Однако как ни хорошо было в Москве, к маю Батюшков отчетливо понял, что тратит слишком много для своего скромного дохода, и начал торопиться в деревню. В середине июля скрепя сердце он отправился в Хантоново собирать оброк с крестьян и разбирать семейные неурядицы.
V «Маленький Овидий»
В Хантонове Батюшкова довольно быстро одолела тоска. Август был уже почти осенним месяцем. Полнейшее уединение в обществе двух мохнатых собак и невозможность располагать собой из-за отсутствия денег заставляют его смотреть на мир совсем уж безотрадным взглядом. Его стоицизм, высказанный пару месяцев назад в письме сестре, дал трещину. Трагическое мироощущение все чаще проскальзывает в его письмах: «Я ничего не пишу, все бросил. Стихи к черту! Это не беда; но вот что беда, мой друг: вместе с способностью писать я потерял способность наслаждаться, становлюсь скучен и ленив, даже немного мизантроп. <…> Все исчезло! И вот передо мной лежит на столе третий том „Esprit de l’histoire“ par Ferrand[195], который доказывает, что люди режут друг друга, чтобы основывать государства, а государства сами собой разрушаются от времени, и люди опять должны себя резать и будут резать, и из народного правления всегда родится монархическое, и монархий нет вечных, и республики несчастнее монархий, и везде зло…»[196] Эта тяжелая истина впервые обнаруживает себя в батюшковских писаниях в 1809 году. «Зла более, нежели добра»[197], — констатировал он в одном из писем, размышляя об устройстве вселенной. С тех пор, как во всяком случае кажется самому Батюшкову, он получал всевозможные подтверждения своему убеждению, в том числе — историческими примерами. Интересно, что в то же самое время В. А. Жуковский провозглашал свою знаменитую максиму: «Добра несравненно более, нежели зла»[198], диаметральным образом расходясь со своим товарищем.

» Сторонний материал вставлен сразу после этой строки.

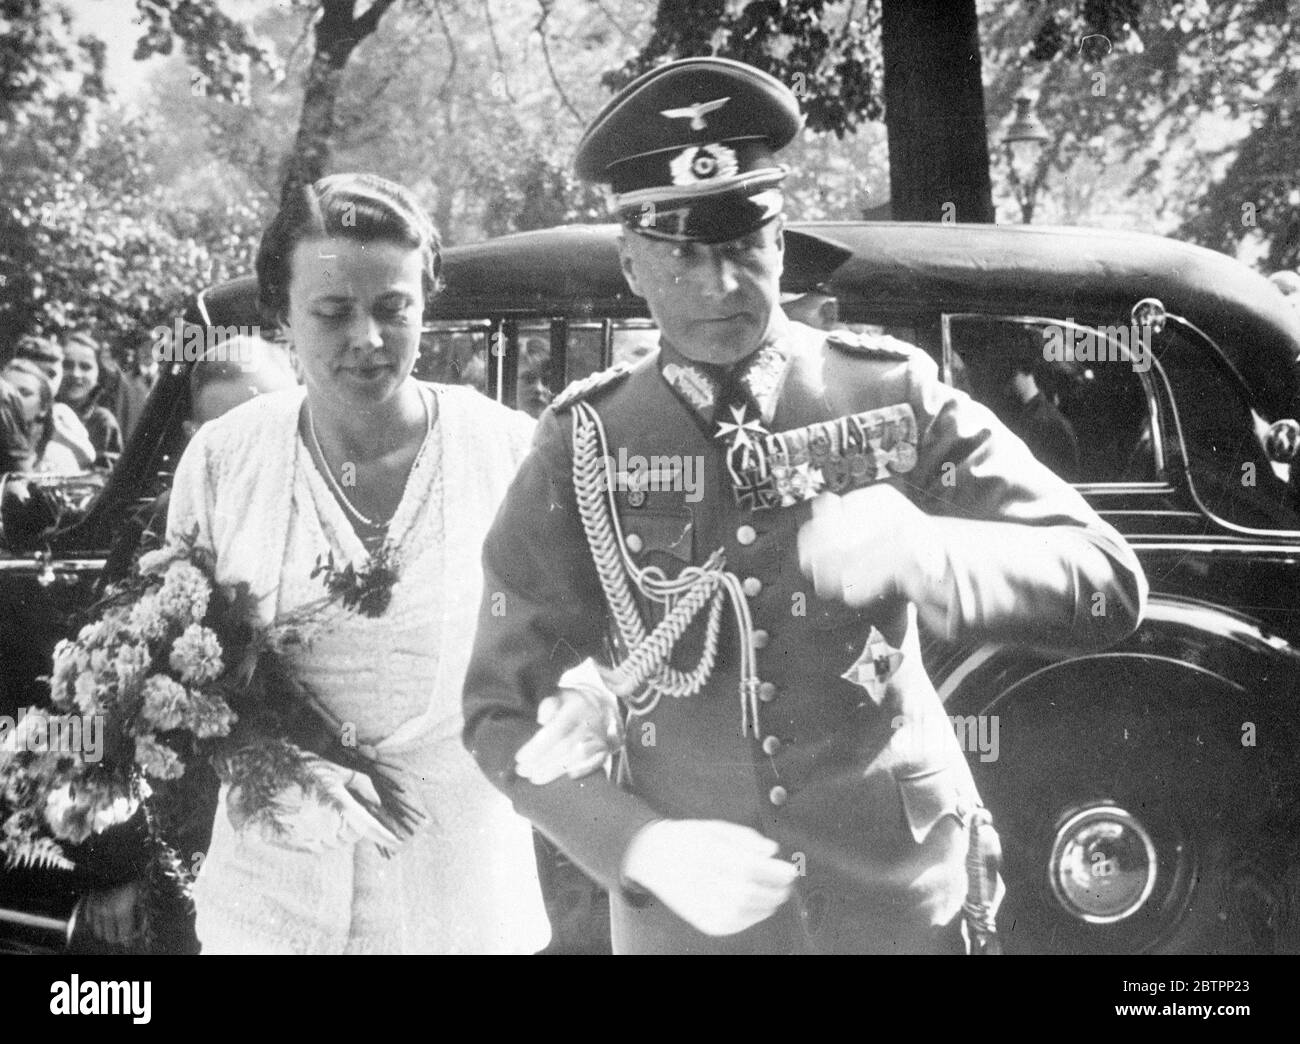 Germany's commander-in-chief married. Col General von Brauchitsch, the commander-in-chief of the German army, was married in the Evangelical Church in Bad Salzbrunn, Silesia. Photo shows, Col Gen von Brauchitsch with his bride after the wedding ceremony. 25 September 1938 Stock Photo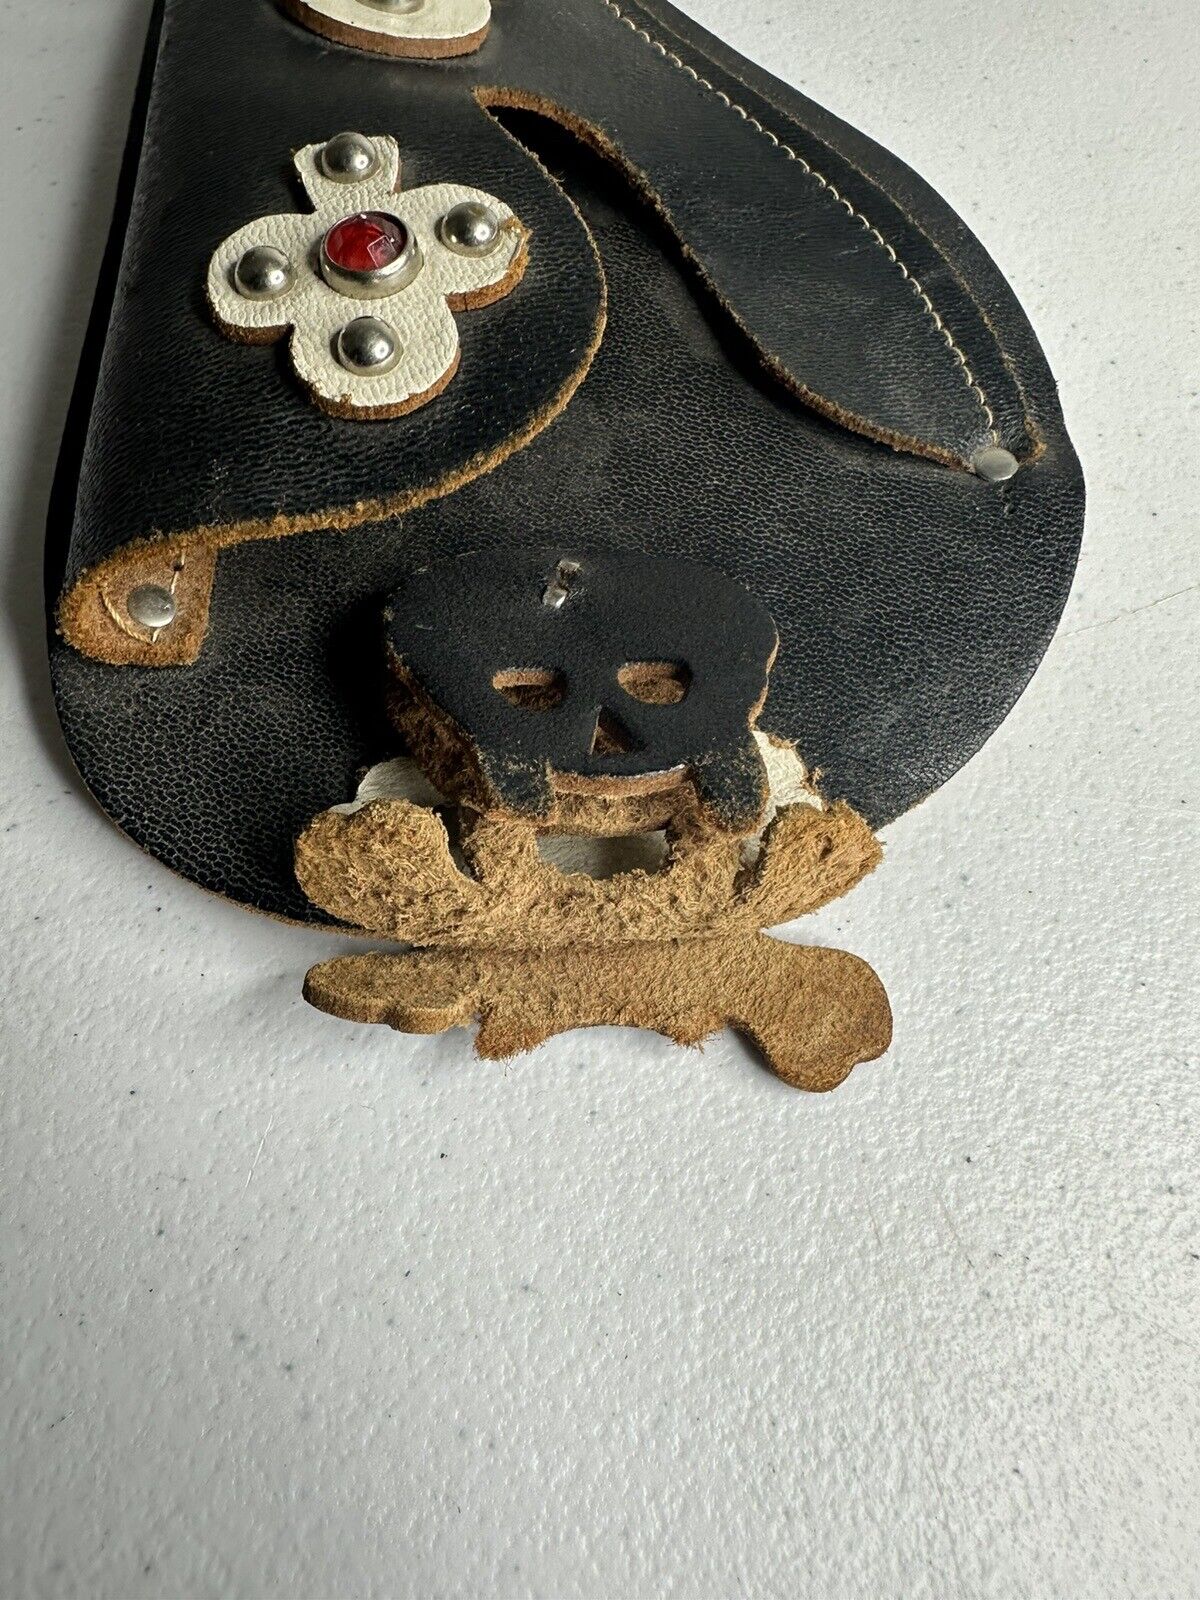 Vintage 1940s Wyandotte Pressed Steel Clicker Toy Gun with Skull and Crossbones Holster - 9.5 Inch Collectible - TreasuTiques

Но самое главное, что питало батюшковскую тоску, сосредоточивалось в ощущении сердечного одиночества. Понятно, что эта интимная и глубоко волнующая Батюшкова тема не могла быть предметом серьезных обсуждений в письмах друзьям, но временами она выплывала на поверхность. «Так, мой Николай, науки не могут питать сердце, — издалека заходит Батюшков, обращаясь к Гнедичу. — Они развлекают его на время, как игрушки голодных детей, а сердце все просит любви: она — его пища, его блаженство; и мое блаженство — ты знаешь это — улетело на крыльях мечты»[199]. Степень душевного одиночества Батюшкова и глубину его переживаний по этому поводу можно ощутить, если вчитаться в финальные строки стихотворения «Надежда», написанного несколькими годами позже. В этом батюшковском тексте полный горя и утрат земной мир противопоставлен чаемому — небесному. Ожидая окончания земных страданий, герой Батюшкова вопрошает:
Страну желанную отчизны?
Когда струей небесных благ
Я утолю любви желанье,
Земную ризу брошу в прах
И обновлю существованье?
При общей традиционности подобного лирического сюжета Батюшков здесь неожиданно обнажает душу, высказывает глубоко личное страдание, сразу же выскакивая из рамок поэтического штампа. «Желанье любви» он трагически нес через всю жизнь, так и не сумев его утолить.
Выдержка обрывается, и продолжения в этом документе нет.